Whatever! Generally, the Coalition for 21st Century Medicine — which includes “some of the world’s most innovative diagnostic technology companies, clinical laboratories, venture capital companies, and patient groups” — said that the “focus of oversight for software that support medical devices, mobile or not, should be based upon the manufacturer’s intended use of the product.”
- Who’s Responsible for Recalls?
- The FDA draft guidance states that “mobile medical app manufacturers are required to report to FDA any corrections made to a mobile medical app to reduce a risk to health posed by the mobile medical app.” Roche, however, requested more guidance on working with Applications distributors [e.g., the Apple iTunes/App Store] regardig recalls. “We appreciate FDA’s concern regarding distributor cooperation in recalls,” said Roche. “Roche believes, as a practical matter, that this will be very difficult to enforce unless FDA holds distributors accountable… Applications distributors have standard terms and conditions in on-line form agreements that a designer acknowledges to access the development platform. These usually are not open to negotiation.”
- Depends on What FDA Means by “Health and Wellness”
- “The term ‘Health and Wellness’,” said the Coalition for 21st Century Medicine, “lacks clarity and may be too limiting. Patient accessible tools, mobile apps, and websites that exist to help guide patients to ask appropriate questions to their physician, encourage them to see a physician, describe various treatment options, or identify potentially appropriate clinical trials are important patient education tools and support patient-centered health care. Because these applications often include patient-specific inputs, it is critical that FDA clarify that they should not be considered FDA regulated devices/medical applications.”
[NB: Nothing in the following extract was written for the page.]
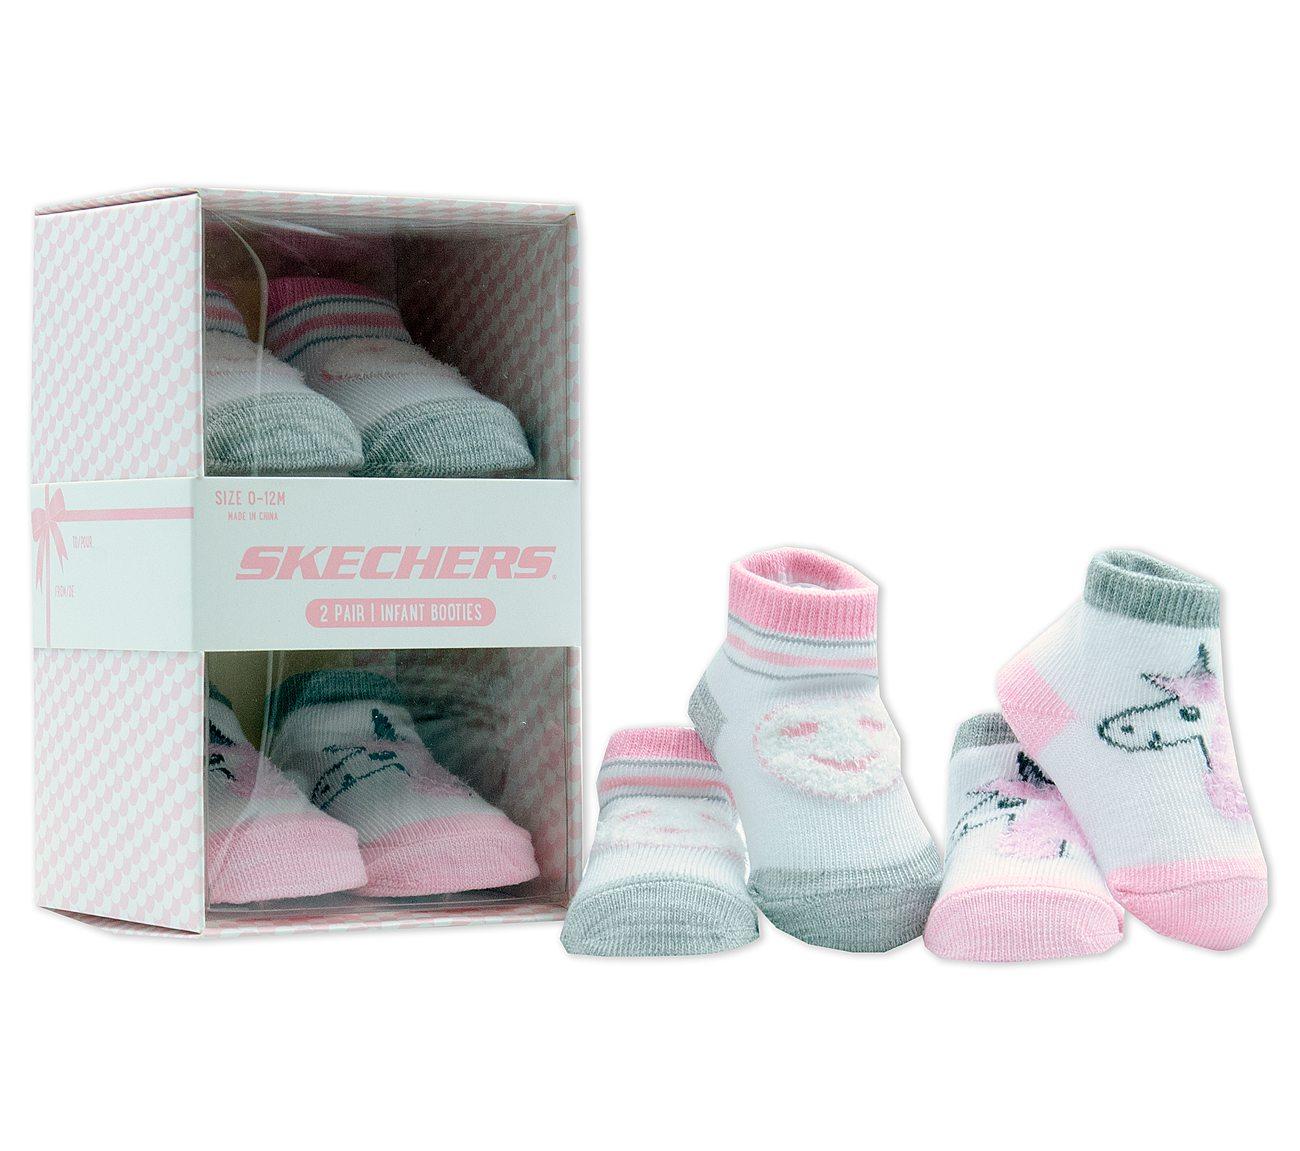 2 Pack Infant Sock Booties
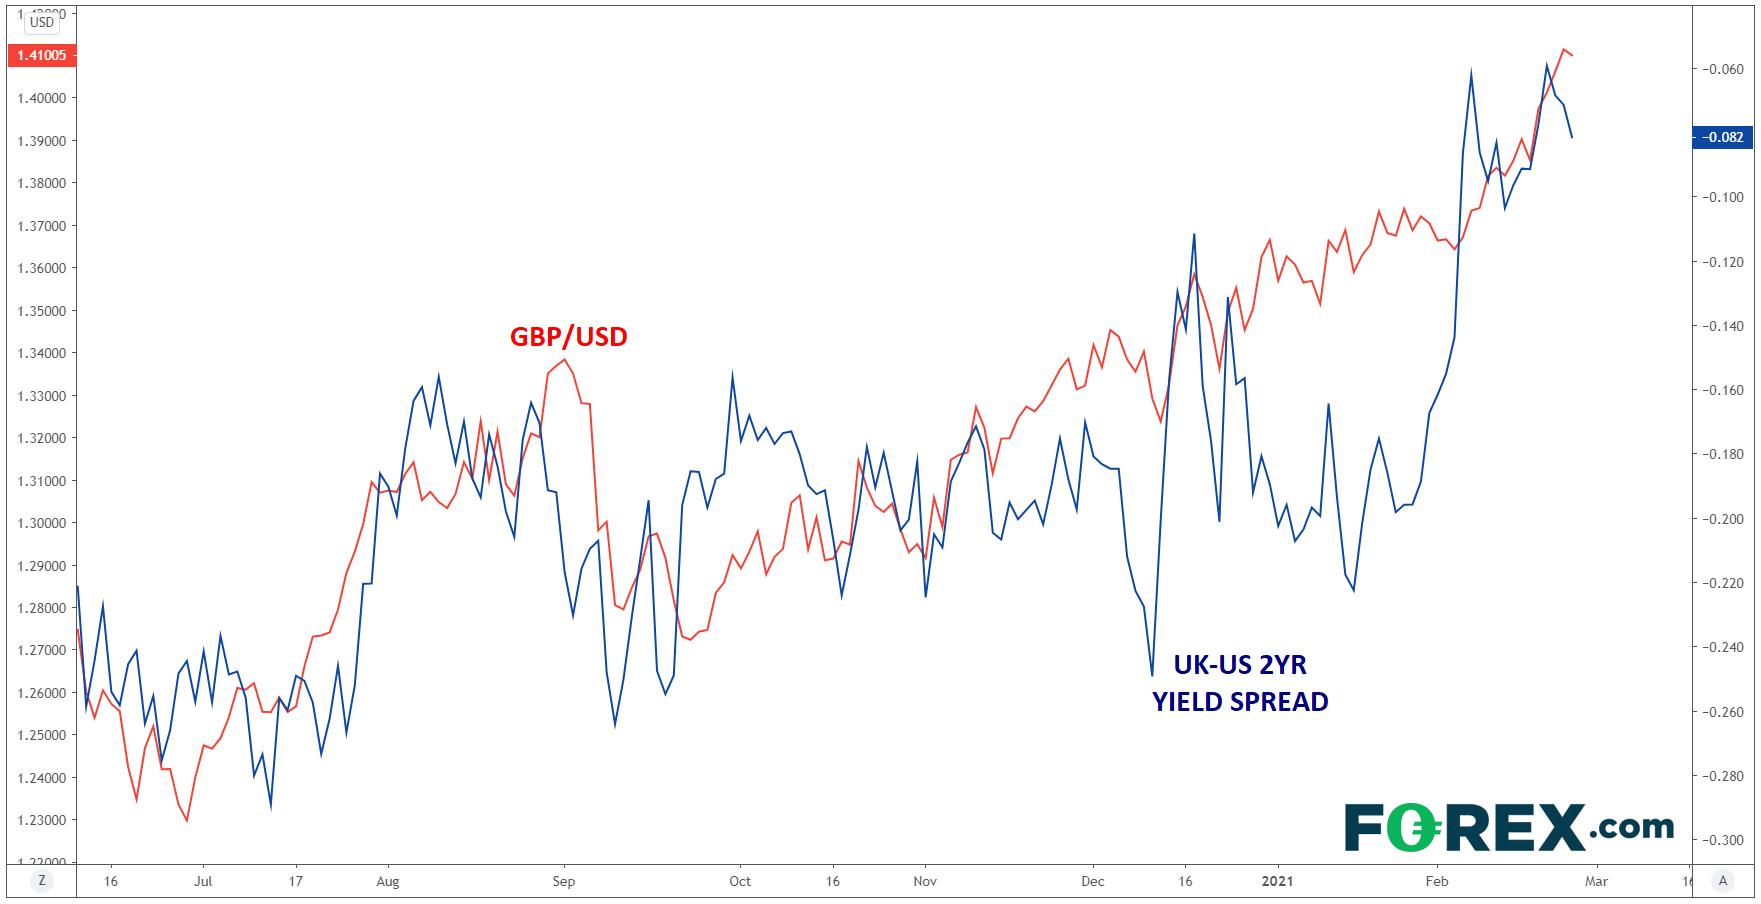 GBP/USD vs US:UK 2Y Bond Spread

- Mobile Apps Based on Websites
- According to Novo Nordisk, “the guidance does not address websites that provide applications that are the same as or similar to some mobile apps. We recommend that the Agency consider situations where a mobile app has been developed that directly parallels materials on a website (e.g. identical diagnostic information, interactive algorithms, calculator for standard parameters) and state if the mobile app and website require FDA approval. Should the mobile app and website be submitted simultaneously for premarket clearance to FDA?”
- Clarify the Scope of FDA’s “Enforcement Discretion”
- Merck believes that the FDA should take following actions to “clarify the scope of its enforcement discretion: (1) provide more specific categories and examples of apps for which it intends to exercise enforcement discretion; (2) specify the factors and/or guiding principles it plans to consider in determining whether certain apps qualify for enforcement discretion; and (3) clarify the circumstances under which it may choose not to exercise enforcement discretion with respect to these apps.” For example, enforcement discretion is appropriate for health and wellness apps that allow patients to log, track, and graph specific health goals and provide patients reminders or alarms based on generally accepted and established medical standards or parameters. In addition, Merck suggests that “drug dose calculator apps that use an algorithm to automate dosing rules based on the approved labeling for a specific drug are subject to enforcement discretion. Merck believes that enforcement discretion is appropriate for such apps. To the extent that FDA’s statements elsewhere in the guidance create uncertainty regarding the regulatory status of such products, we encourage FDA to clarify this point.